* **Recorded data**:

--*--

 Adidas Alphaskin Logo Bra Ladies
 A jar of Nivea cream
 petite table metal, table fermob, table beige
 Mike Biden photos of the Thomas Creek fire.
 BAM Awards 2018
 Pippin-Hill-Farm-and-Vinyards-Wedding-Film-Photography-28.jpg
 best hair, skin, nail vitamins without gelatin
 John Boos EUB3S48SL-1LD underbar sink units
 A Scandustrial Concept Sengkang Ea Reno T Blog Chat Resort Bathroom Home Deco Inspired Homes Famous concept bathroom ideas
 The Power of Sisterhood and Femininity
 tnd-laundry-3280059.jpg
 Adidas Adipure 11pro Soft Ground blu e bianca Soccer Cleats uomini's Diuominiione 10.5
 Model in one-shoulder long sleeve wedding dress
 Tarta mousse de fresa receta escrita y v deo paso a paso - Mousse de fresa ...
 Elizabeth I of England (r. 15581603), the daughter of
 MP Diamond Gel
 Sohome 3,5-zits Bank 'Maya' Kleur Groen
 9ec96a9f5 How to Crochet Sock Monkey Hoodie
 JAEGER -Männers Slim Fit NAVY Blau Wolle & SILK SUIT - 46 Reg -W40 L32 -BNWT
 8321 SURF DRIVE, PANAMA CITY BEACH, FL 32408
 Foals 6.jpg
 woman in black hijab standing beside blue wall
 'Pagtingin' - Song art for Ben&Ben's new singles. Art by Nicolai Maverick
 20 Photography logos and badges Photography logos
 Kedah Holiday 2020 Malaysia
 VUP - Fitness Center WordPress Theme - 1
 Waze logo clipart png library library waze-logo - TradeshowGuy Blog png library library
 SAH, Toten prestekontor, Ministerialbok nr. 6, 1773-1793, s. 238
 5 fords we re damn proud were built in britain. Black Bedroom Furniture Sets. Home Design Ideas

--*--

* **Task requirements**:
With every word kept as it is, set down the entries again.

* **Task solution**:
 Adidas Alphaskin Logo Bra Ladies
 A jar of Nivea cream
 petite table metal, table fermob, table beige
 Mike Biden photos of the Thomas Creek fire.
 BAM Awards 2018
 Pippin-Hill-Farm-and-Vinyards-Wedding-Film-Photography-28.jpg
 best hair, skin, nail vitamins without gelatin
 John Boos EUB3S48SL-1LD underbar sink units
 A Scandustrial Concept Sengkang Ea Reno T Blog Chat Resort Bathroom Home Deco Inspired Homes Famous concept bathroom ideas
 The Power of Sisterhood and Femininity
 tnd-laundry-3280059.jpg
 Adidas Adipure 11pro Soft Ground blu e bianca Soccer Cleats uomini's Diuominiione 10.5
 Model in one-shoulder long sleeve wedding dress
 Tarta mousse de fresa receta escrita y v deo paso a paso - Mousse de fresa ...
 Elizabeth I of England (r. 15581603), the daughter of
 MP Diamond Gel
 Sohome 3,5-zits Bank 'Maya' Kleur Groen
 9ec96a9f5 How to Crochet Sock Monkey Hoodie
 JAEGER -Männers Slim Fit NAVY Blau Wolle & SILK SUIT - 46 Reg -W40 L32 -BNWT
 8321 SURF DRIVE, PANAMA CITY BEACH, FL 32408
 Foals 6.jpg
 woman in black hijab standing beside blue wall
 'Pagtingin' - Song art for Ben&Ben's new singles. Art by Nicolai Maverick
 20 Photography logos and badges Photography logos
 Kedah Holiday 2020 Malaysia
 VUP - Fitness Center WordPress Theme - 1
 Waze logo clipart png library library waze-logo - TradeshowGuy Blog png library library
 SAH, Toten prestekontor, Ministerialbok nr. 6, 1773-1793, s. 238
 5 fords we re damn proud were built in britain. Black Bedroom Furniture Sets. Home Design Ideas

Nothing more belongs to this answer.